The second and fourth sets of log messages are from the Atheros wireless drivers for your particular hardware. They could be caused by hardware issues, but they could also be caused by firmware problems. I've not dealt with stuff from this particular driver before, so I can't be much help on those.

The first and third sets are both from the PCI-e subsystem directly. Both are talking about corrected errors. I have dealt with these types of errors before, and I can say from experience that they almost always indicate a hardware issue of some sort (though it may not be bad hardware). The standard procedure I use when I come across this type of error is:

  • Double check that there are no missing heatsinks, that all the fans are running correctly, and that there is no dust buildup.
  • For each add-in card (not only the one showing the problems), remove the card and do the following (replacing the card if it fails at any point):
    • Inspect the contacts on the edge of the card for signs of corrosion or damage.
    • Inspect any electrolytic capacitors for signs of leakage.
    • Inspect any plastic cased components for signs of melting.
    • Inspect the whole board for burn marks, unusual discoloration, or other damage.
    • Verify that the board doesn't smell unusual, preferrably shortly after it's been powered. An odd smell is usually indicative of leaking capacitors or overheated components, and will usually be present even if there is no visible indication of such problems.
    • Inspect the slot on the mainboard from which the card was removed, looking for evidence of bent contacts, corrosion, or melting (a good magnifying glass is useful for this).
  • Double check the mainboard itself just like for the cards. If it fails to pass inspection, replace it.
  • Verify that the power supply has a sufficiently high rating for the system, and that it's actually supplying correct voltages. You can do a quick check for an unloaded power-supply having the correct voltages with just a simple DC multimeter. Checking that the rails don't sag when the PSU is loaded is a bit trickier, but a lot of good motherboards will have voltage monitoring built-in that you can check from the firmware setup menus.
  • If you have access to a thermal camera (a real one, not the gimmicky smartphone apps that simulate one), check the inside of the system while it's running. No single spot should show a temperature above about 85 celsius (this is the standard upper temperature limit for most consumer electronics).

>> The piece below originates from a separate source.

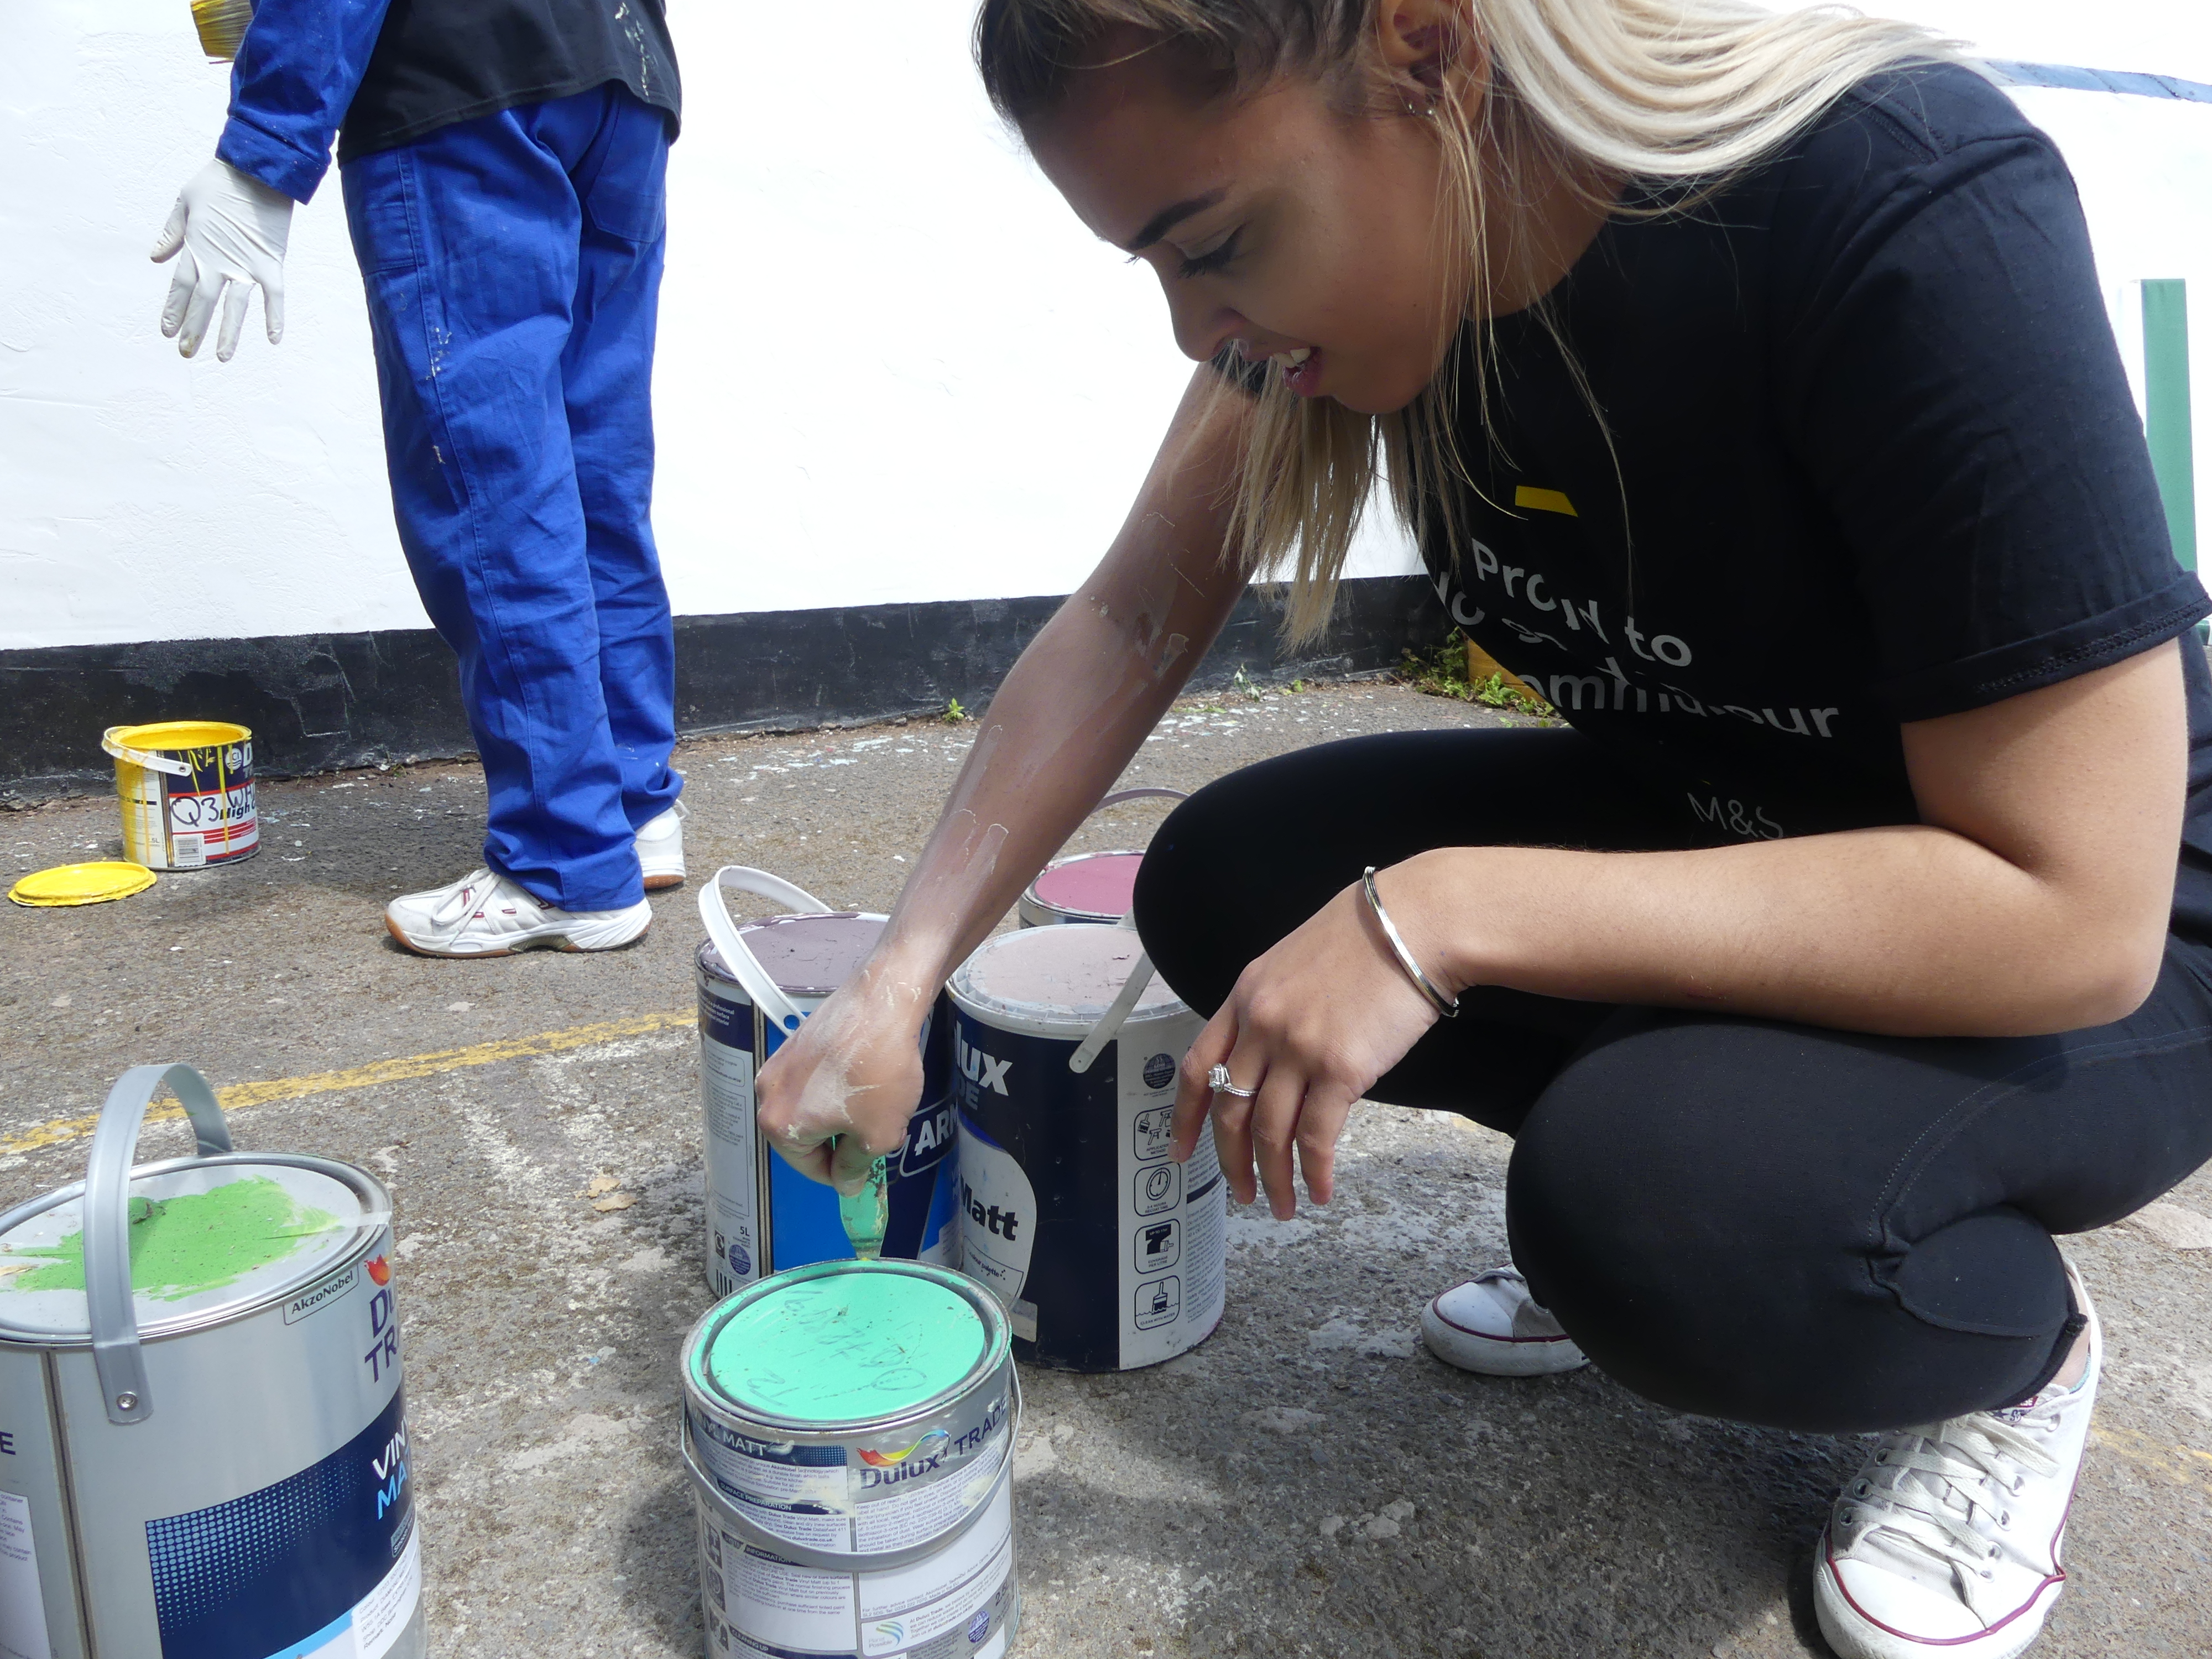 A volunteer opening a green paint container in preparation of painting a community mural using cheap and recycled paint from Community RePaint Birmingham.
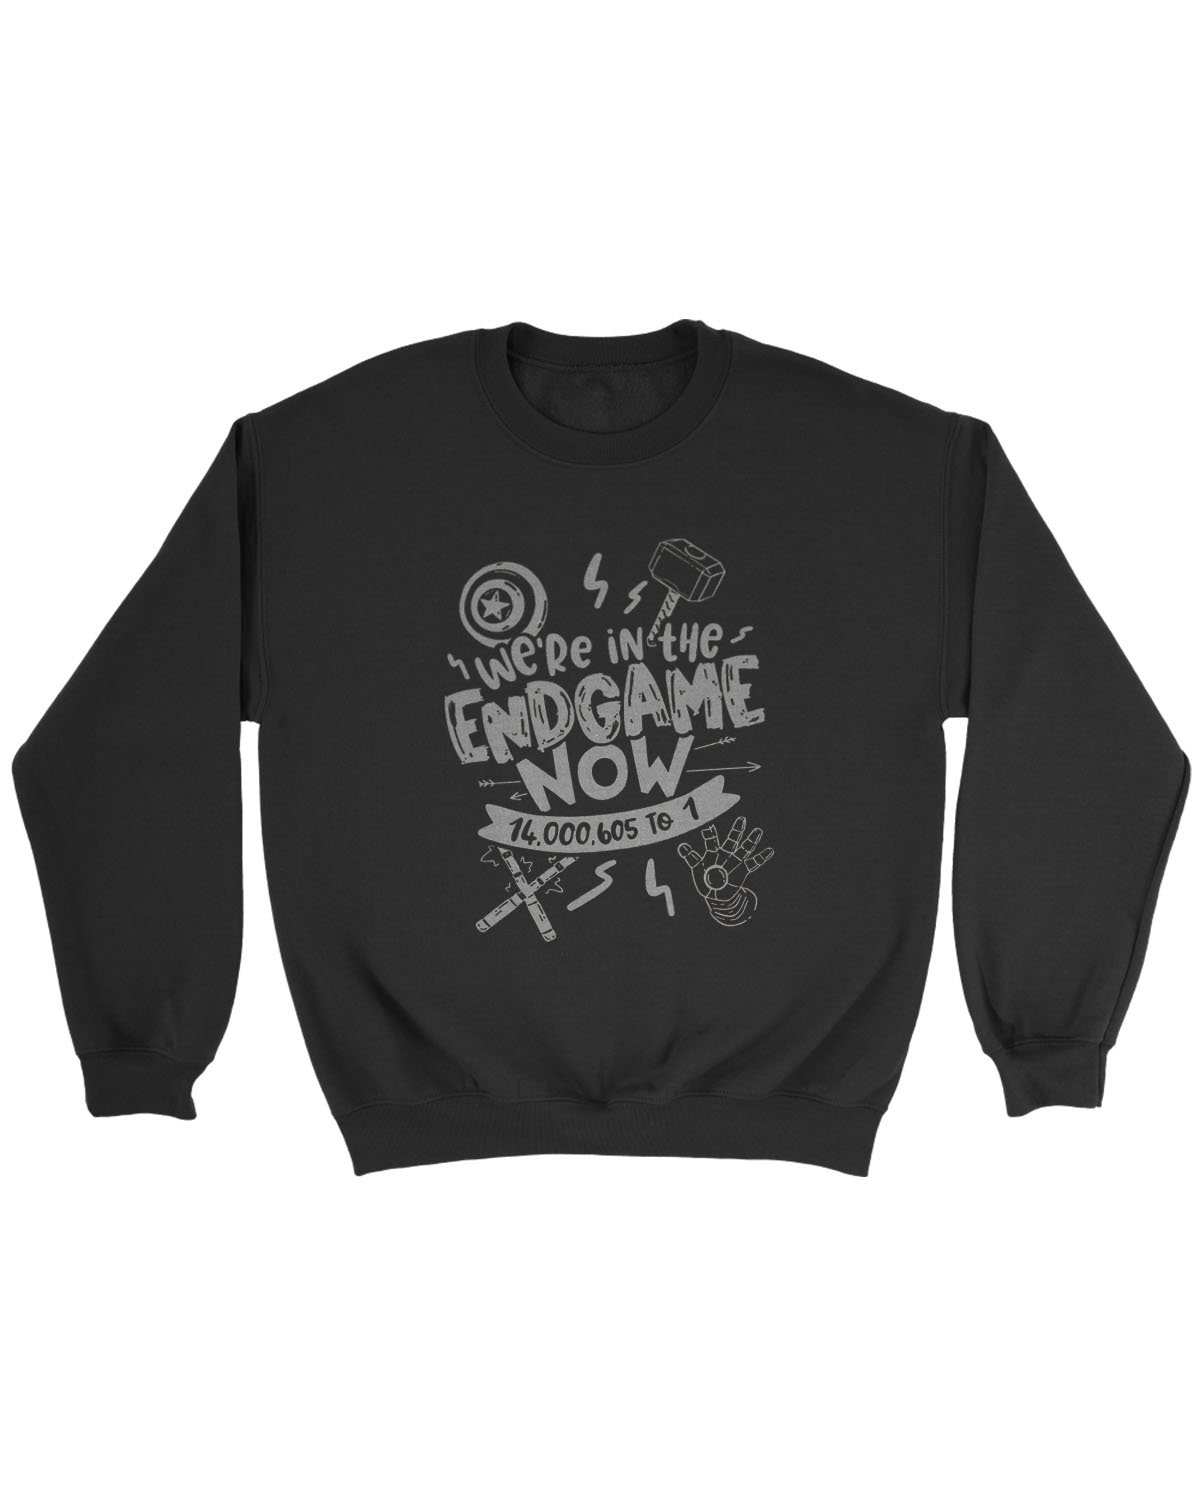 We Are In The Endgame Now Sweatshirt

On the plus side, you can be reasonably certain that the issue is specific to either the PCI express subsystem (and therefore is either a bad card or a bad mainboard), the power supply (though this is unlikely, if it were your power supply, you would probably be seeing other symptoms), or the firmware on the motherboard.

0

Some things to try to diagnose the problem. Load a different OS and see if the same errors pop up.(software problem) Try booting the old OS without some of the PCI cards.(hardware) Try rolling back the bios and see if the errors go away.(firmware) One of these will eliminate the error and then you will know what part of your machine was having issues. Keeping a list of the errors and seeing which errors go away or stay with the different changes can help you diagnose if you have multiple problems or only one. This one happens roughly 50% of the time on boot That makes it seem like it could be a hardware problem to me. Try opening the box and checking for loose cards/cables. Cleaning up any dust or running your setup in a cooler environment will all have positive effects on your experience. Good luck!